1st Cir. Kicks Inmate Suicide Attempt Case; SCOTUS Appeal Pending
Back in August, the First Circuit decided Penn v. Escorsio, an arguably obvious case where qualified immunity was denied to prison guards who knew about an inmate's suicide risks, ignored his very vocal threats to do exactly that, then found him strung up in his cell. The inmate, Matthew Lalli, suffered severe brain damage and will require $9 million in care, according to his mother, who brought suit on his behalf.
Now, despite plans to appeal the First Circuit's ruling to the U.S. Supreme Court, the case itself will return to the district court and be scheduled for trial, as the First Circuit denied a request to hold the case pending further appeal, reports the Bangor Daily News.
While most court opinions, with the facts filtered through hindsight, carry the "they could've done more" tone, both the First Circuit's opinion and the district court left no doubt in their narratives about how they saw things: these officers simply did nothing, despite knowing of Lalli's suicide risk.
When Lalli was brought in, a suicide evaluation was completed by the intake officer. It scored high enough to make Lalli a clear risk, yet he was placed in a regular cell. When Lalli was brought to court for a bail determination, he repeatedly threatened his own life and said that he had nothing to live for if he couldn't be with his daughter -- he had custody, but bail was denied.
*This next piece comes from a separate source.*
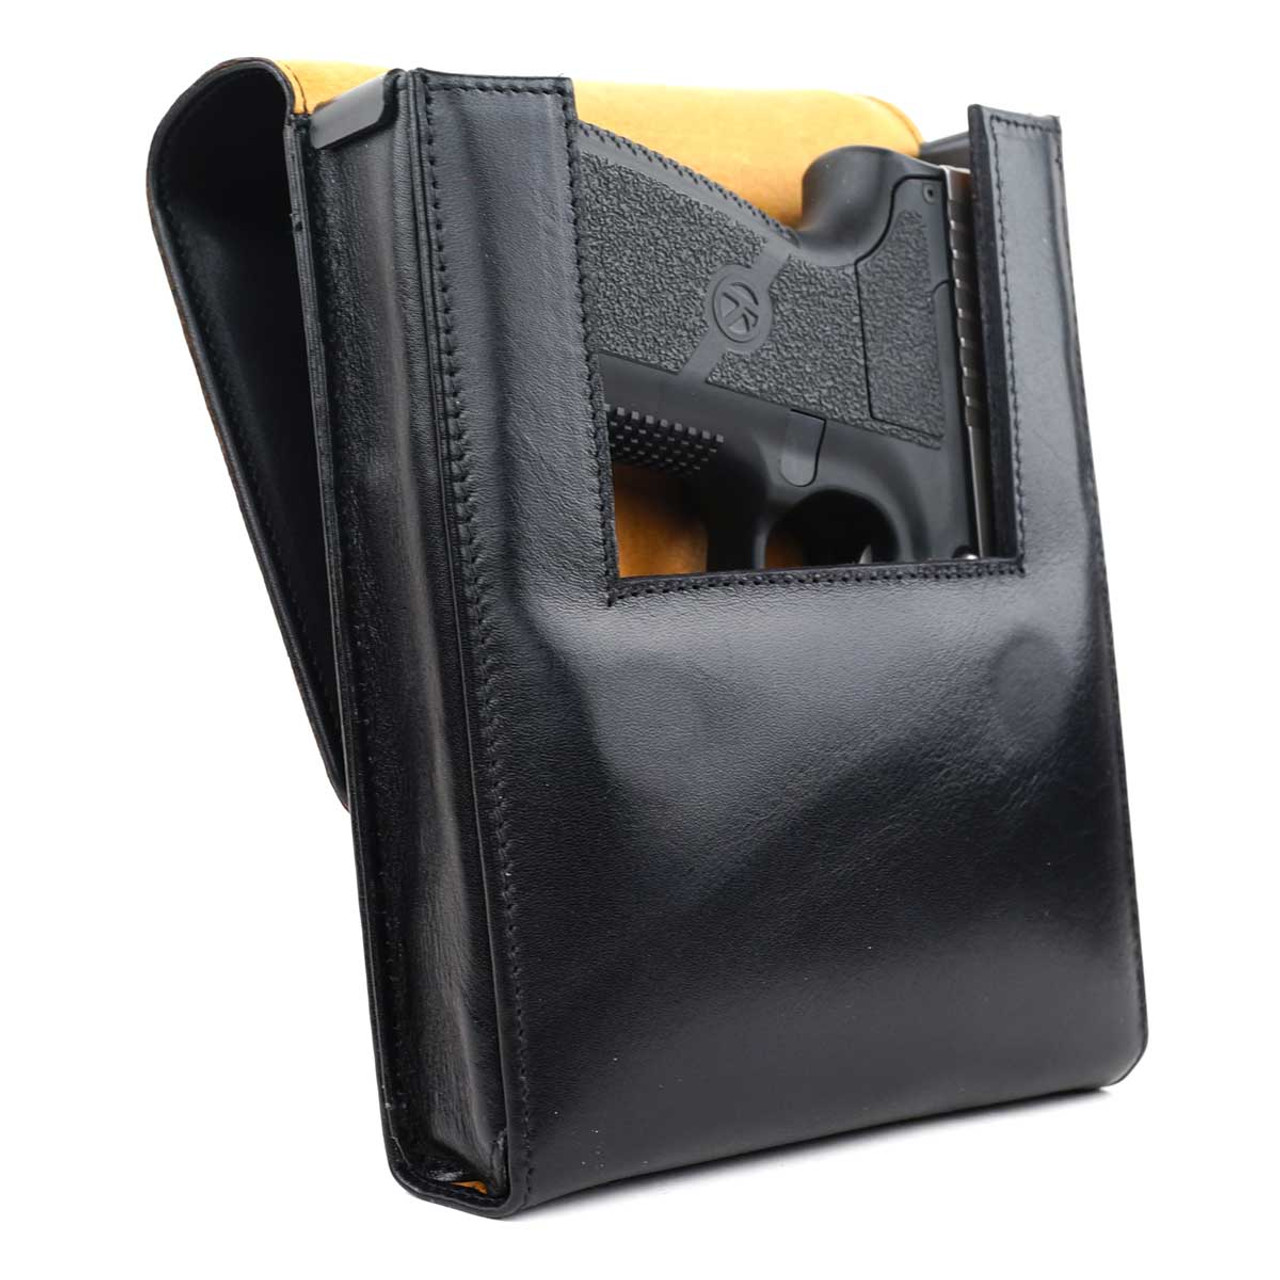 Kahr CW40 Concealed Carry Holster (Belt Loop)

On the way back to the jail, he repeated his suicide threats enough that fellow prisoners were concerned and reported it.
And yet, he was left in a regular cell, with no extra monitoring, while the suicide cell was prepared. While he was waiting, he continued to scream threats of suicide and eventually made an attempt on his own life. He was rescued in time to save his life, but not in time to save his brain.
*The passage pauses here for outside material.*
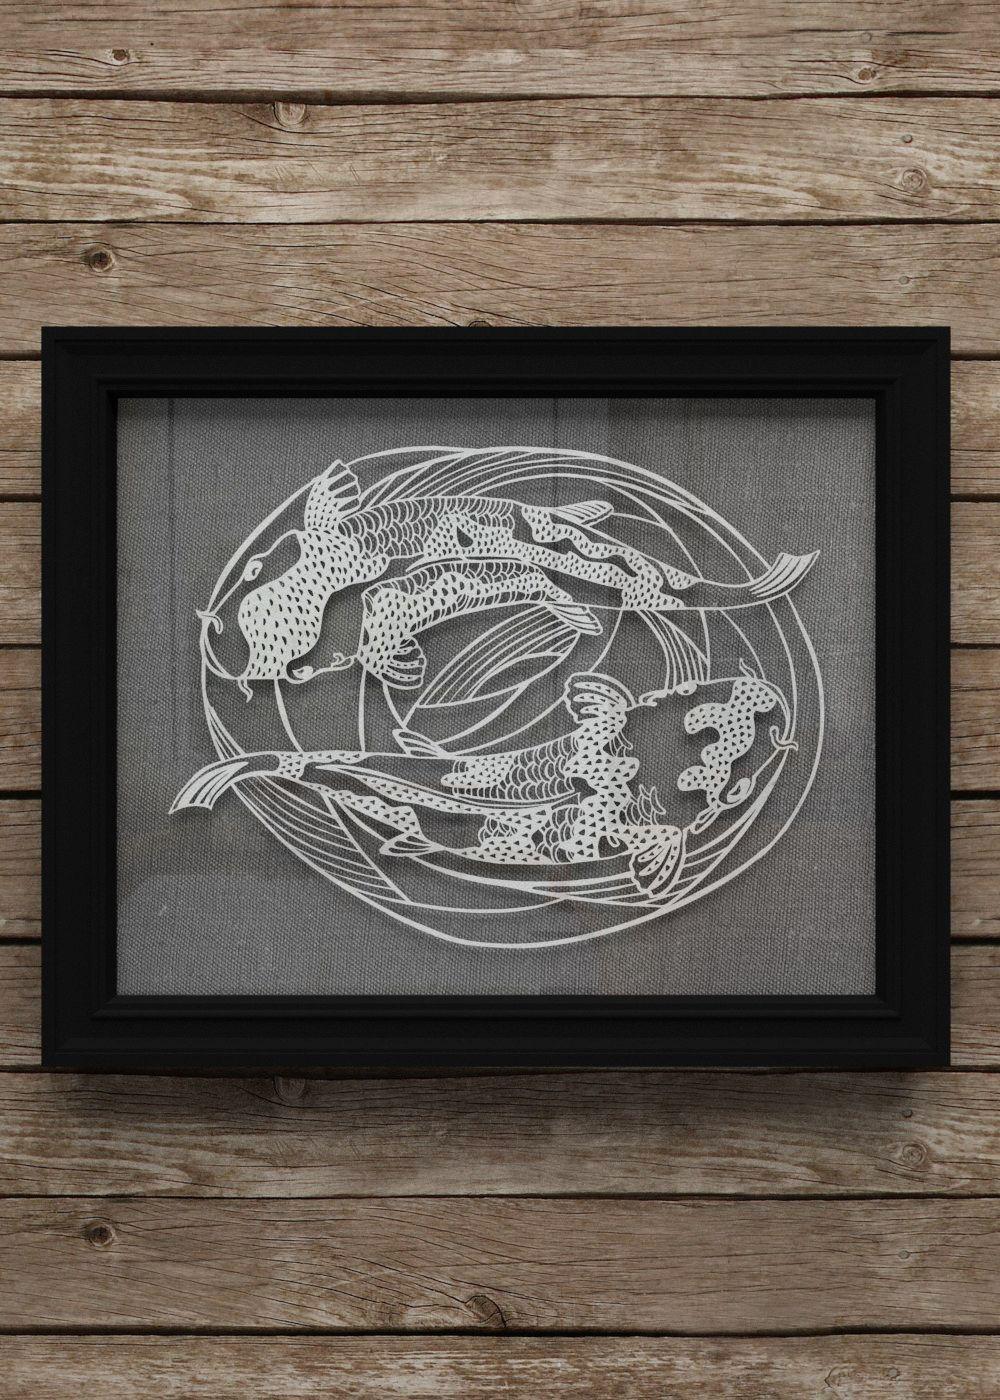 Koi fish papercut art decor - Japanese style swimming koi//carp papercutting original wall art for home decor, unique gift

Of course, doing nothing in the face of an obvious risk of harm is pretty much the definition of deliberate indifference. And at the summary judgment phase, with all facts skewed in the plaintiff's favor, this really was an obvious case.
The district court held that a reasonable jury could conclude the defendants were deliberately indifferent because they took essentially no action to forestall a substantial risk that Lalli would attempt suicide. The court also held that reasonable officials in defendants' positions would have known they violated Lalli's clearly established Fourteenth Amendment rights by not taking any action to forestall this risk.
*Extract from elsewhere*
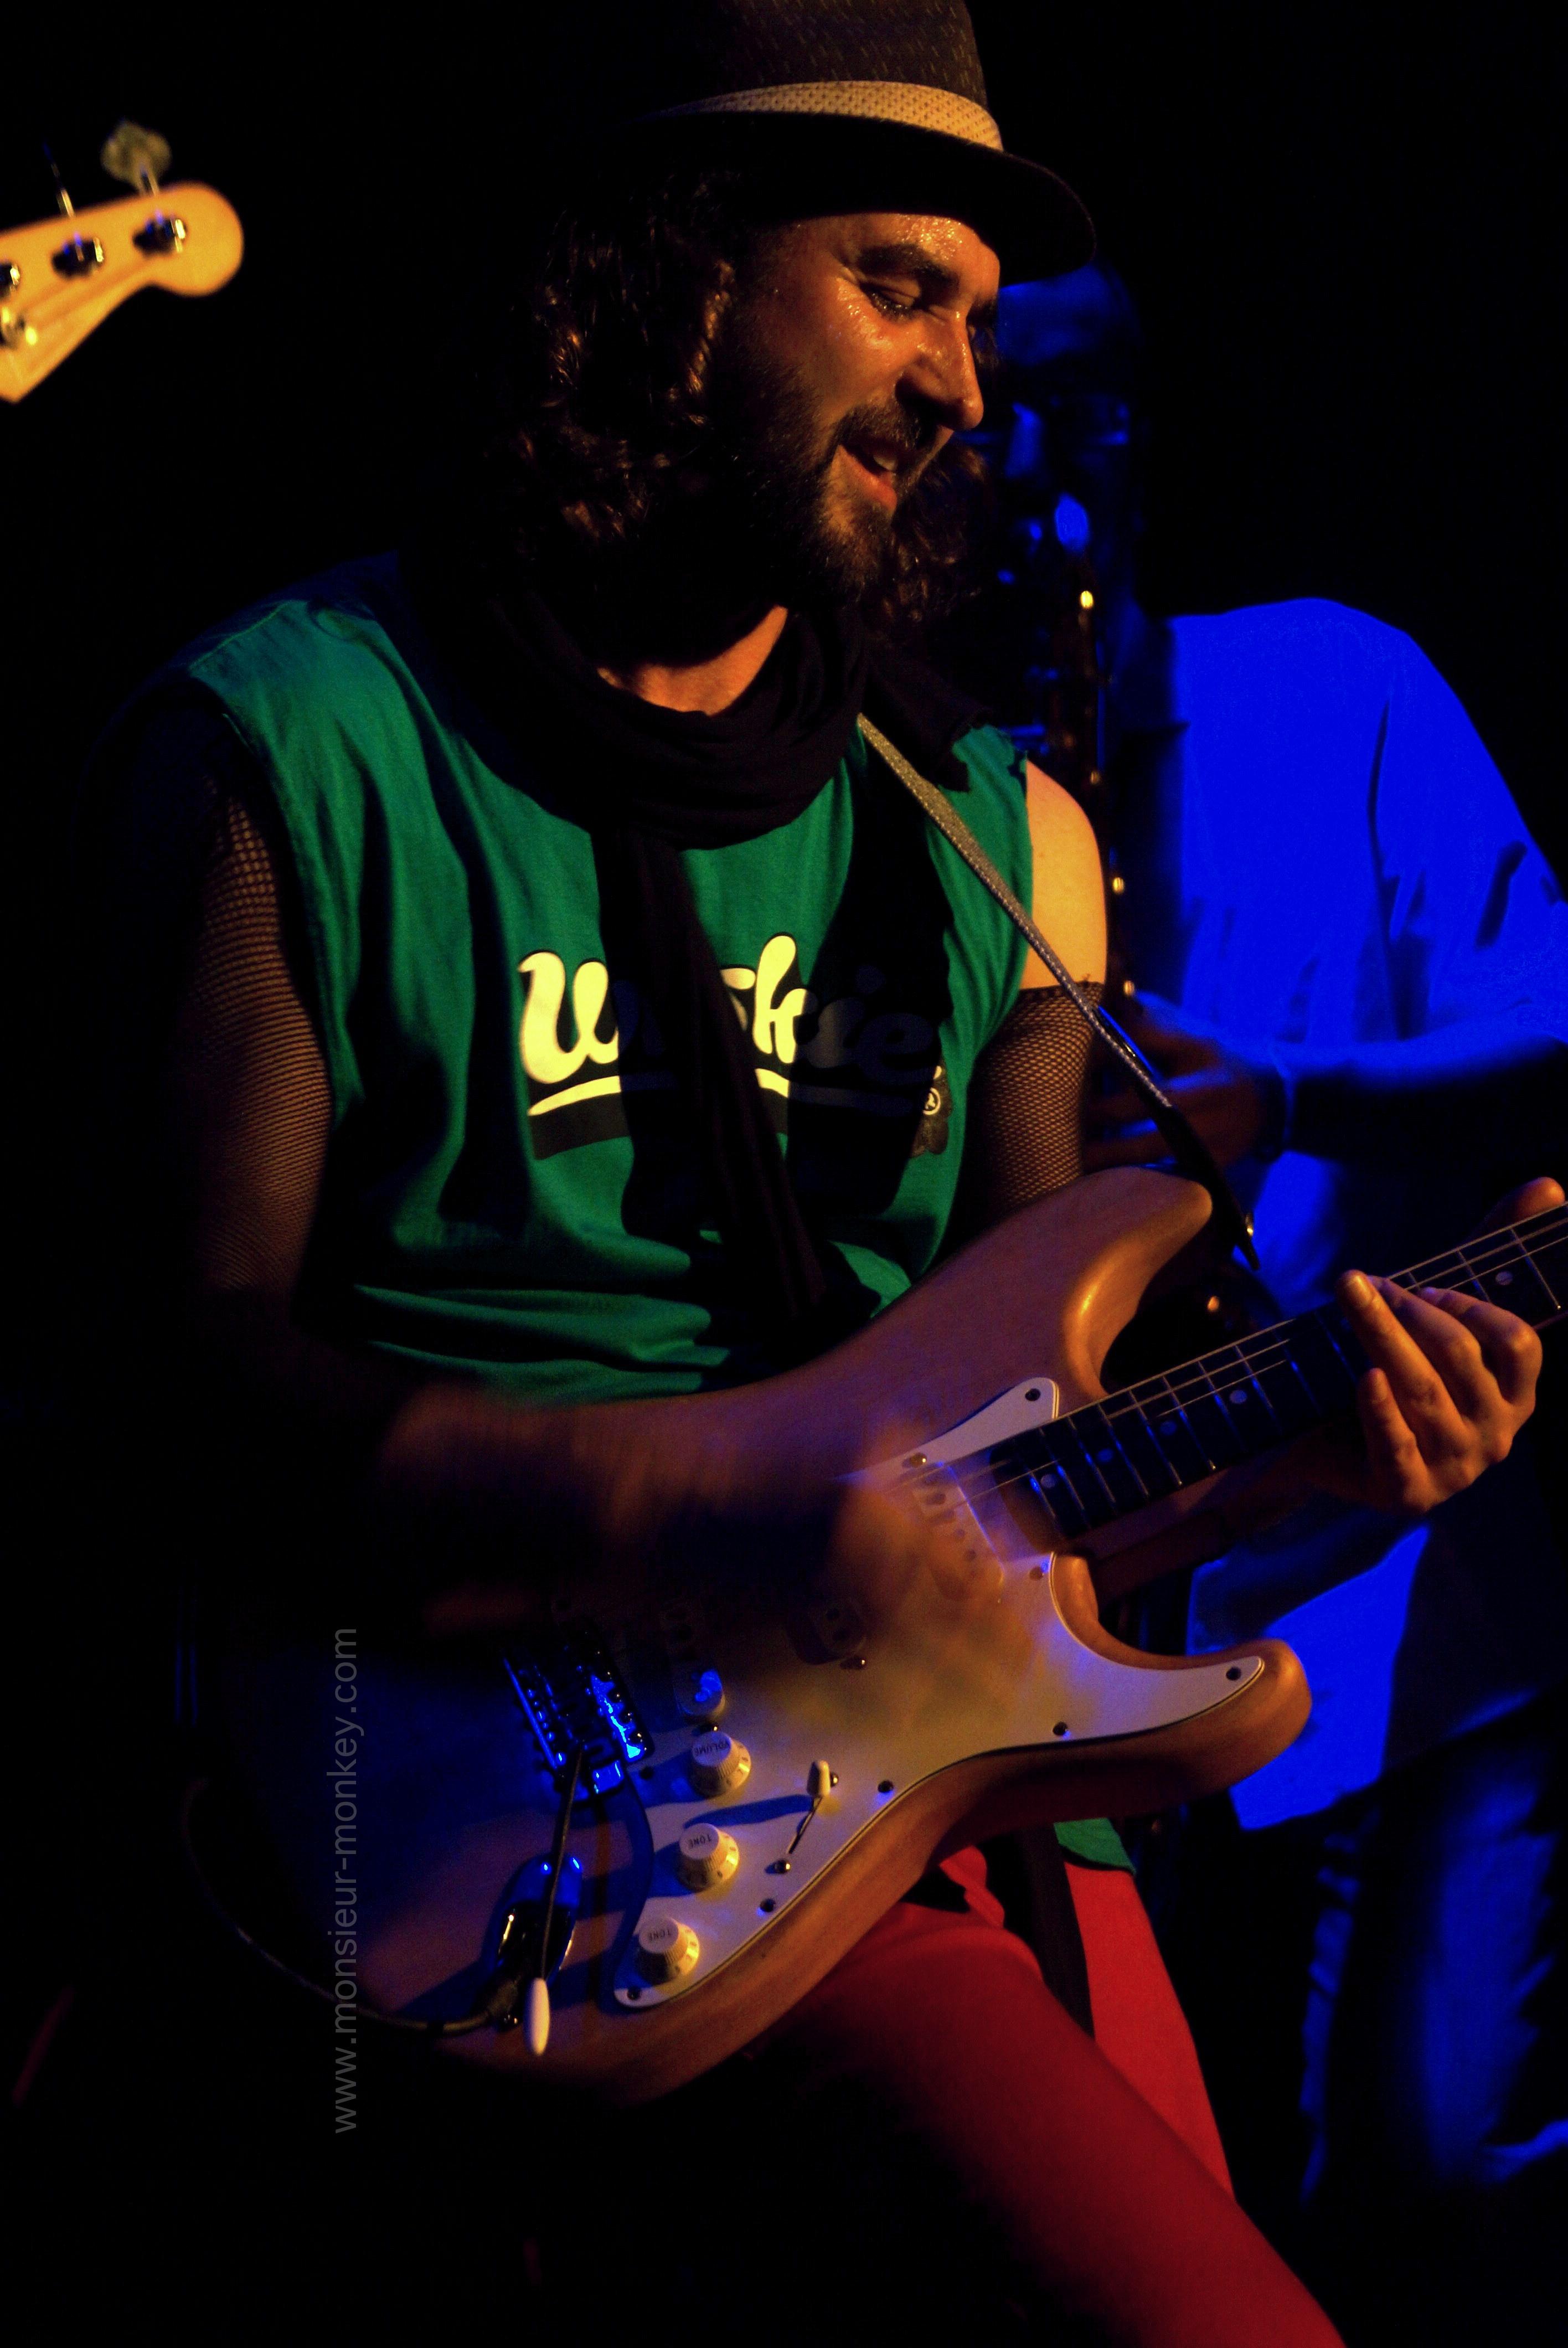 Guitar player live Barcelona

The First Circuit wasn't even sure the case should be there: "[A] district court's pretrial rejection of a qualified immunity defense is not immediately appealable to the extent that it turns on either an issue of fact or an issue perceived by the trial court to be an issue of fact." (emphasis added by the court, quoting Cady v. Walsh.) And, "Defendants concede that clearly established law dictated they take some action to abate a known risk, whereas the district court found a jury could conclude Defendants took effectively no action to abate a known risk."
But a beacon of hope remained: The First Circuit limited its holding to the summary judgment phase, noting "This opinion should not be construed as holding Defendants are totally ineligible for qualified immunity. Depending on what Defendants can prove at trial, they may indeed be entitled to raise qualified immunity as an affirmative defense."